§ **YOUR INSTRUCTIONS**
Write back every line of the listing exactly, excluding images.

§ **DATA**
* * *

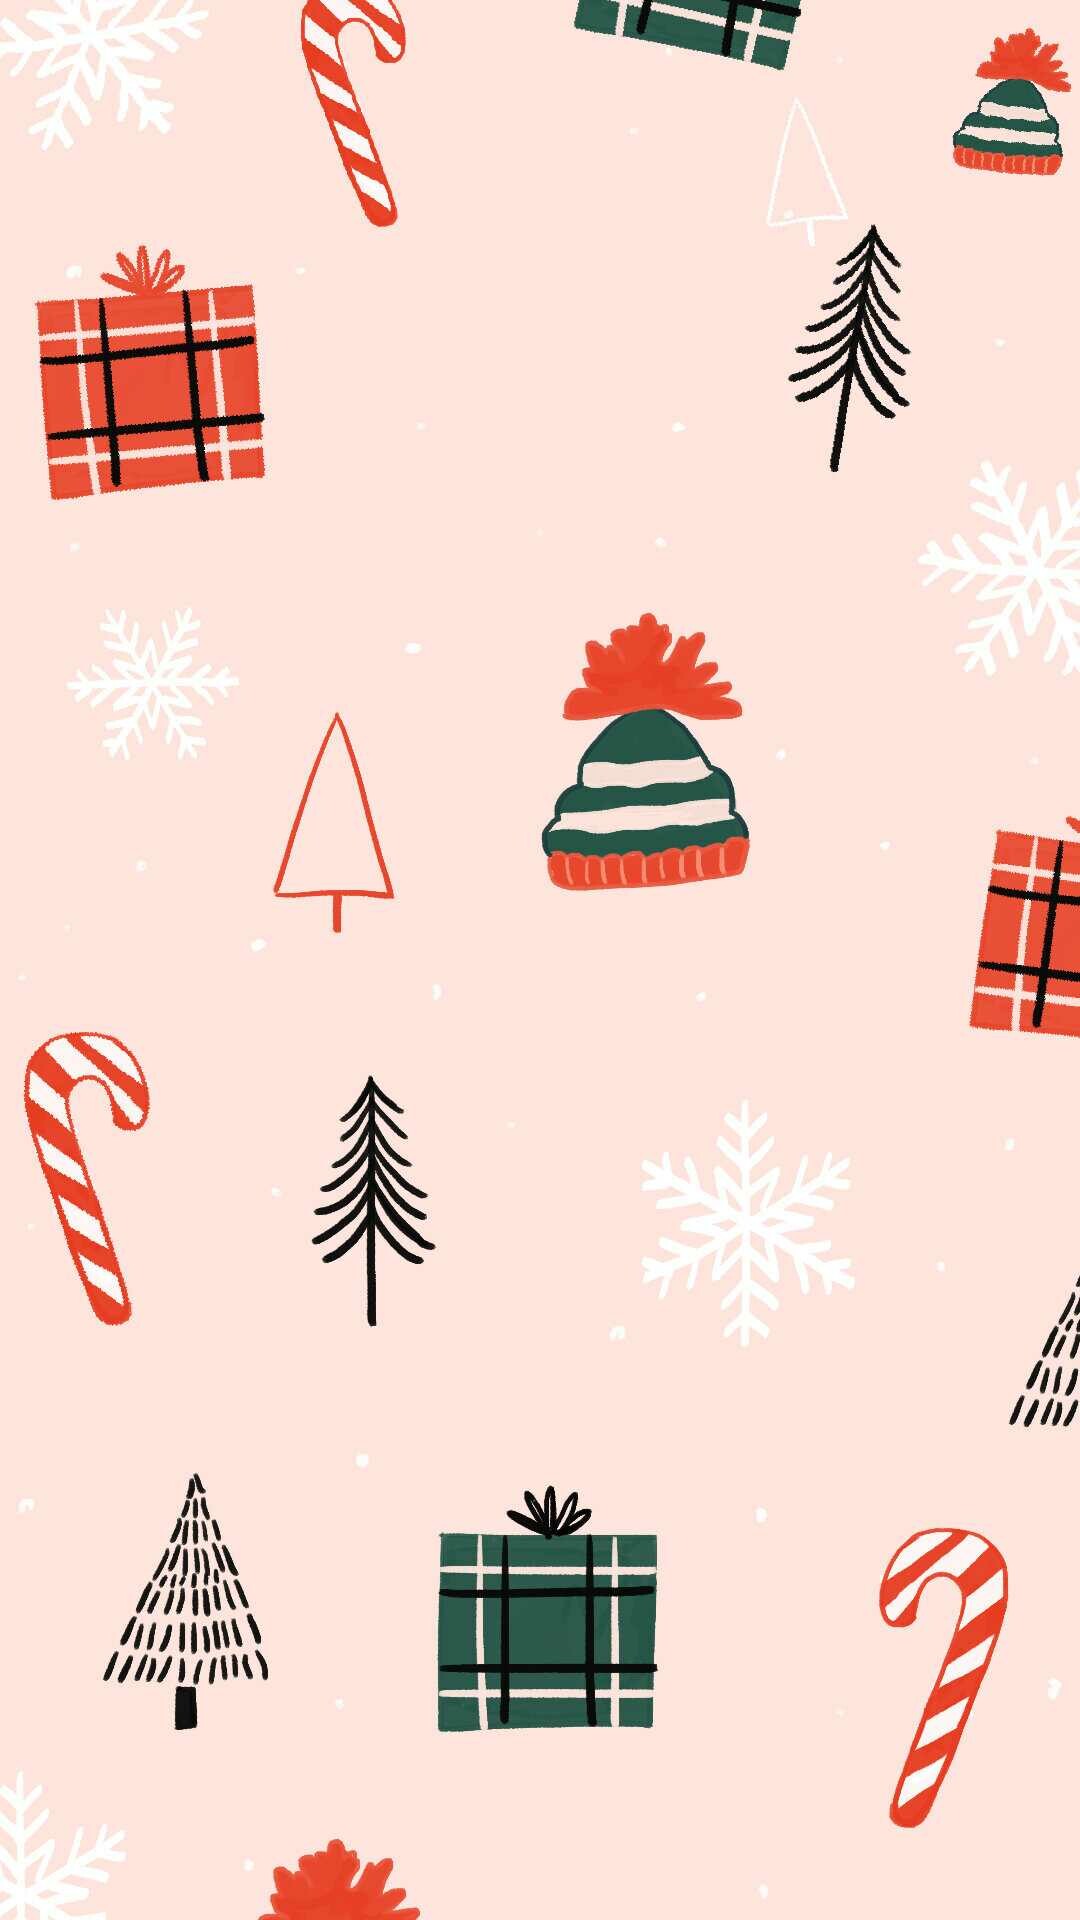 Christmas: Xmas symbols, Gifts, Candy Canes, Minimalistic. 1080x1920 Full HD Background.
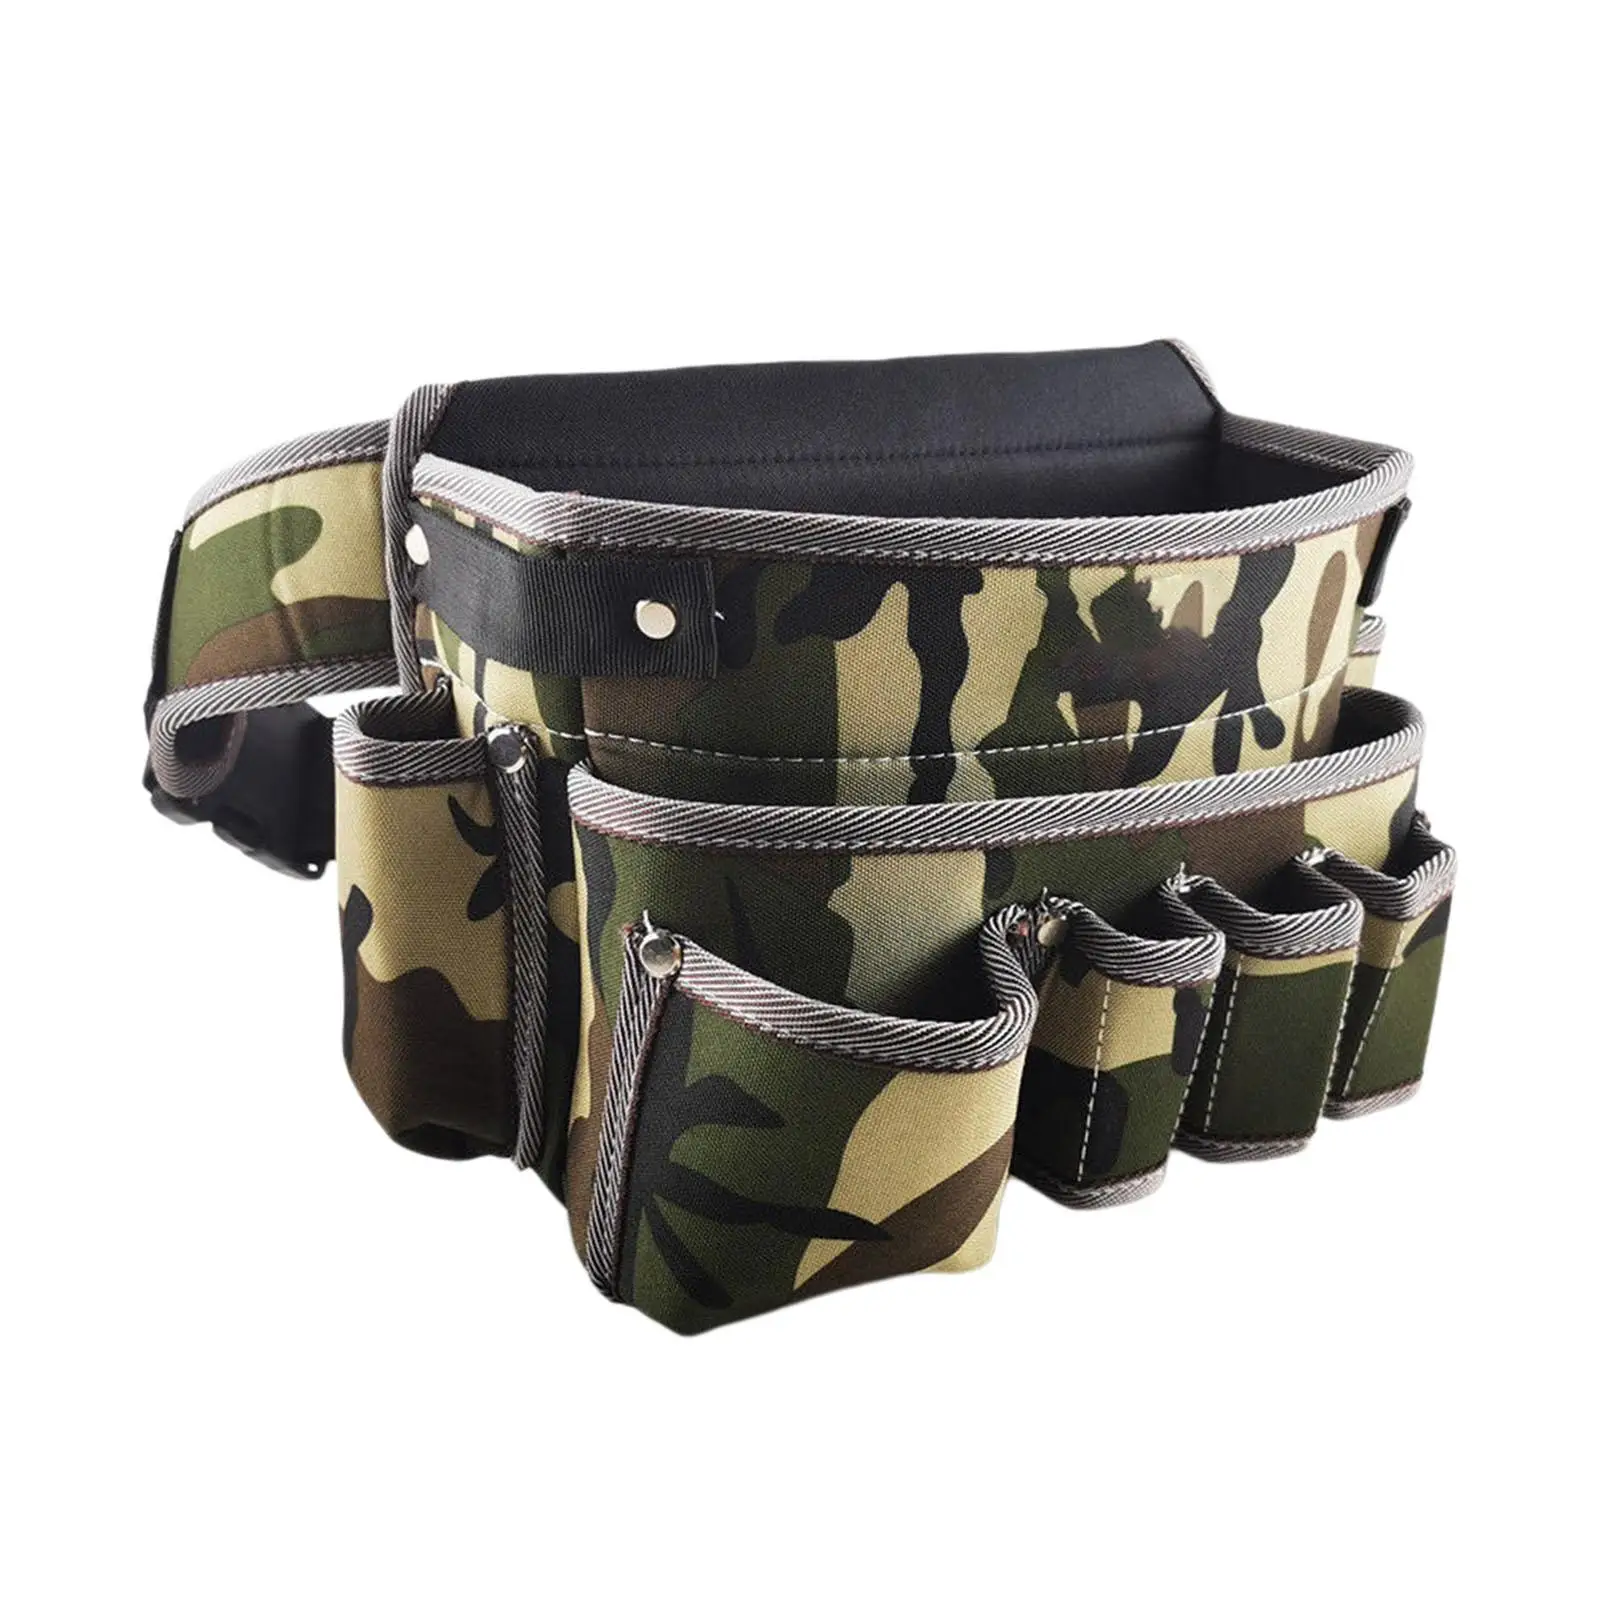 Waist Tools Bag Pocket with Belt Adjustable Portable Multifunctional Practical
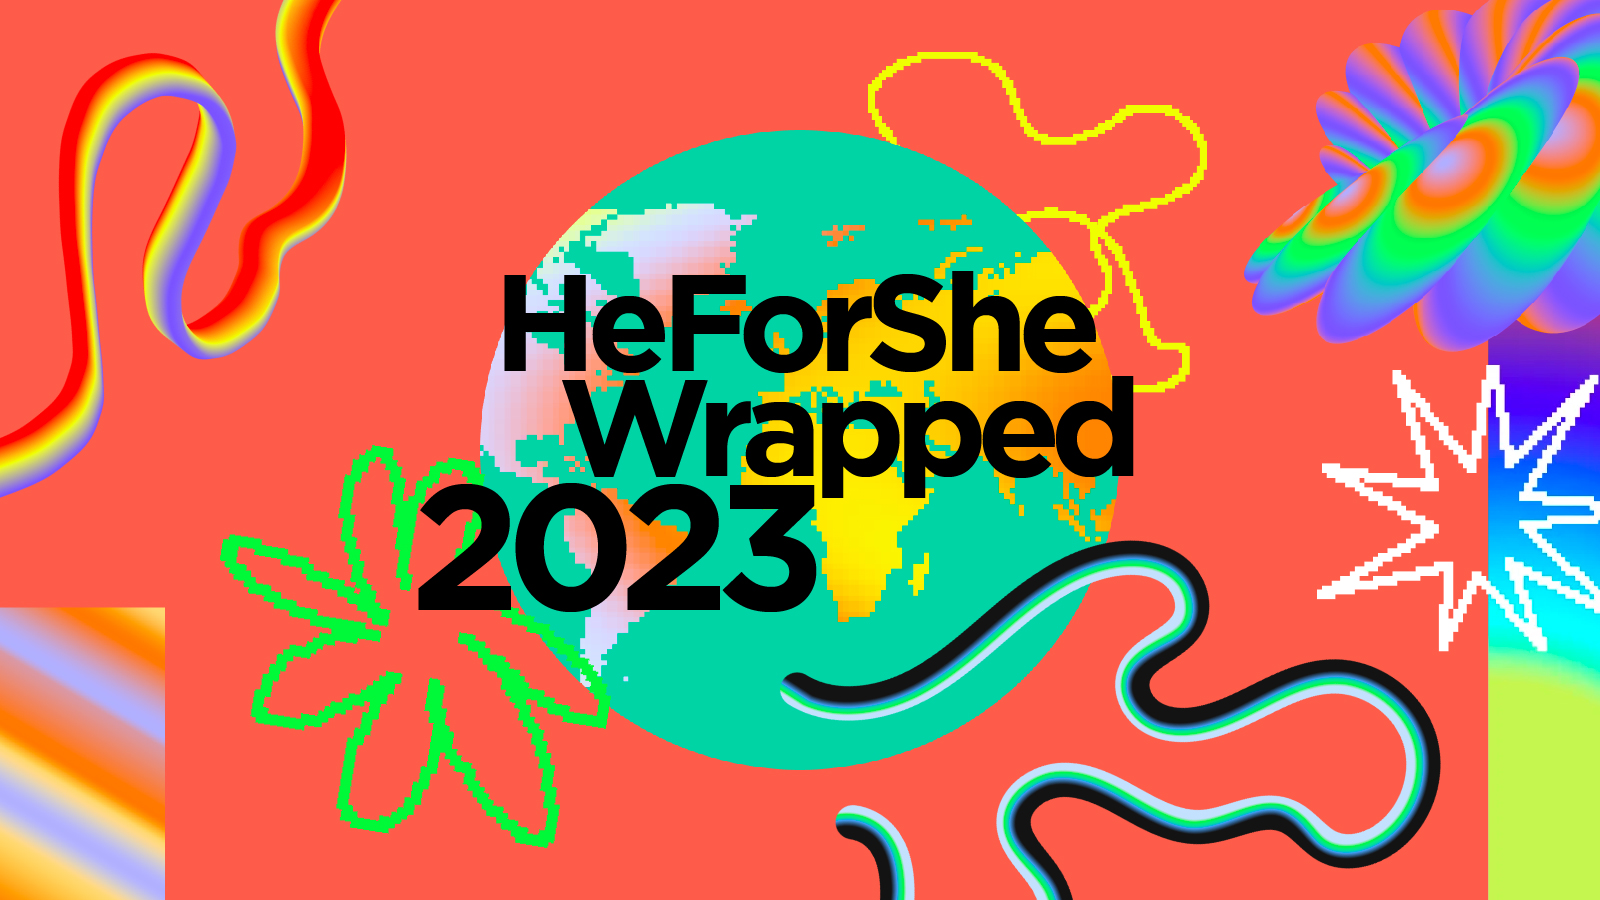 HeForShe Wrapped 2023

* * *

§ **EXPECTED OUTPUT**
 Christmas: Xmas symbols, Gifts, Candy Canes, Minimalistic. 1080x1920 Full HD Background.
 Waist Tools Bag Pocket with Belt Adjustable Portable Multifunctional Practical
 HeForShe Wrapped 2023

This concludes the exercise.